Now you need to go to the BigQuery SQL workspace within the console where you will see the “gcpgraylogdataset”. Notice there are no tables created? You should click on the ellipses to the right and then select the share option. We must assign the writer identity of the log sink to the dataset.

 

 

Select Add Principal.

 

 

Paste the writer identity into the principal and assign the BigQuery Data Editor role, save the change.

 

 

If you refresh the contents of the dataset, you will see new tables have been created.

 

 

You could even query these to verify new data is being written to the tables, for example:

 

 

Ok so we now know that everything in GCP is working as expected, let’s now check Graylog.

 

Congratulations!

You should now see your log events within Graylog.

 

And the events are even parsed for you.

 

 

Deploying the BigQuery Dataset in another region.

 

I mentioned this several times through this blog, but one thing the input does not do today is allow you to deploy the BigQuery Dataset in another region. You may remember that the input checks if the dataset exists or not as part of the process. We can leverage this to deploy the dataset ahead of time in our desired region and then allow the input to set up all the other parts.

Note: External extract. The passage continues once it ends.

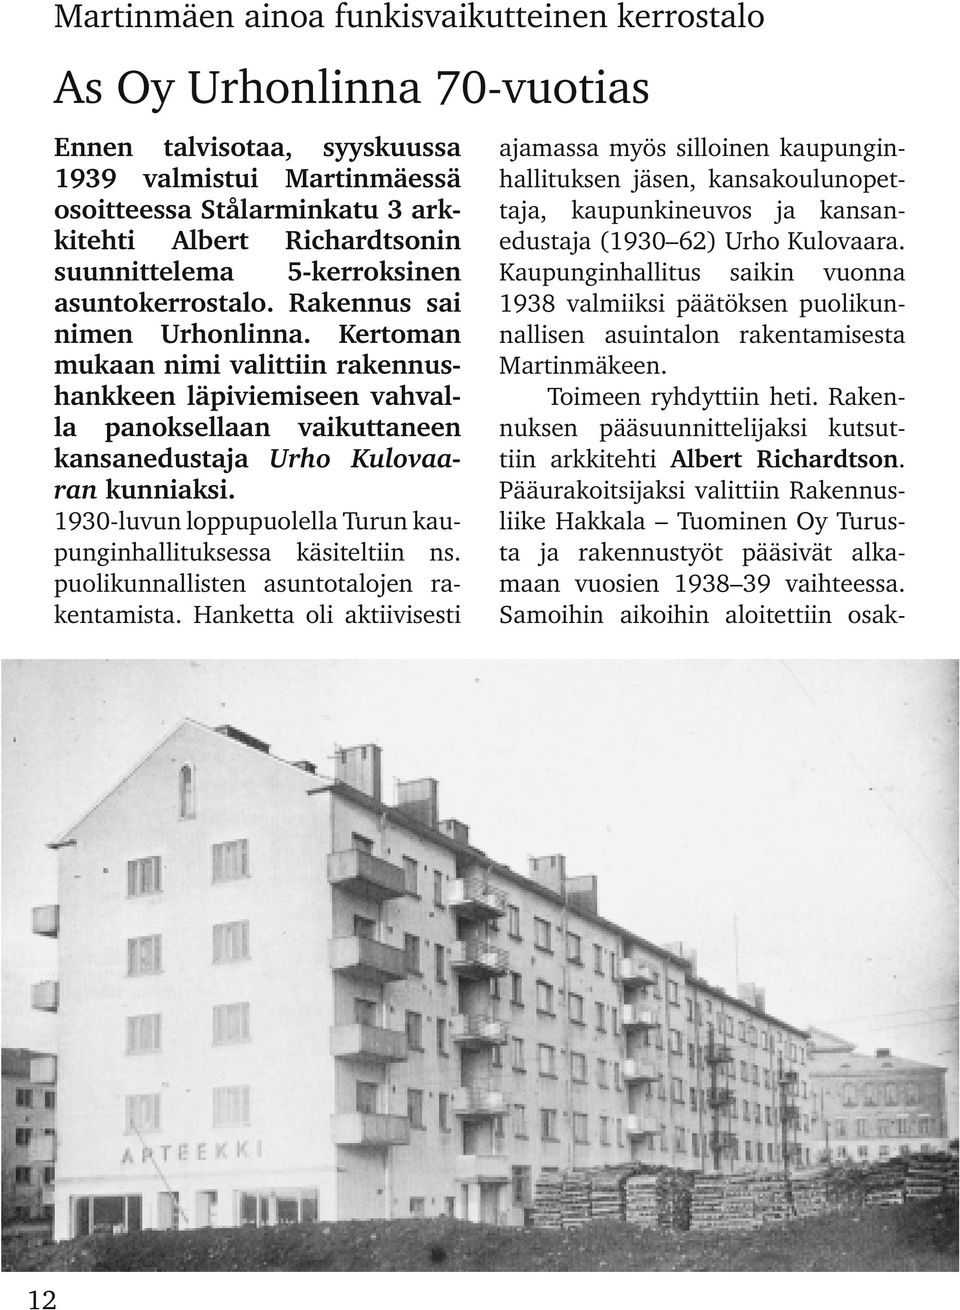 Kertoman mukaan nimi valittiin rakennus hankkeen läpiviemiseen vahval la panoksellaan vaikuttaneen kansanedustaja Urho Kulovaa ran kunniaksi.

You can set up the whole thing manually if you desire and then only give the service account the BigQuery roles and not the log configuration writer.

So essentially if you want to deploy this in another region you can simply go to the BigQuery SQL editor and under your project, select Create dataset.

 

 

From here make sure the Dataset ID is “gcpgraylogdataset”.

 

 

Create the dataset and then the same steps as earlier are needed to add the writer identity as a data editor of the BigQuery dataset.

 

Conclusions

So there we have it. This blog has provided a step-by-step on how to ingest your Google Cloud Audit Logs and also hopefully have a bit of a better understanding of how logging works within GCP at the same time.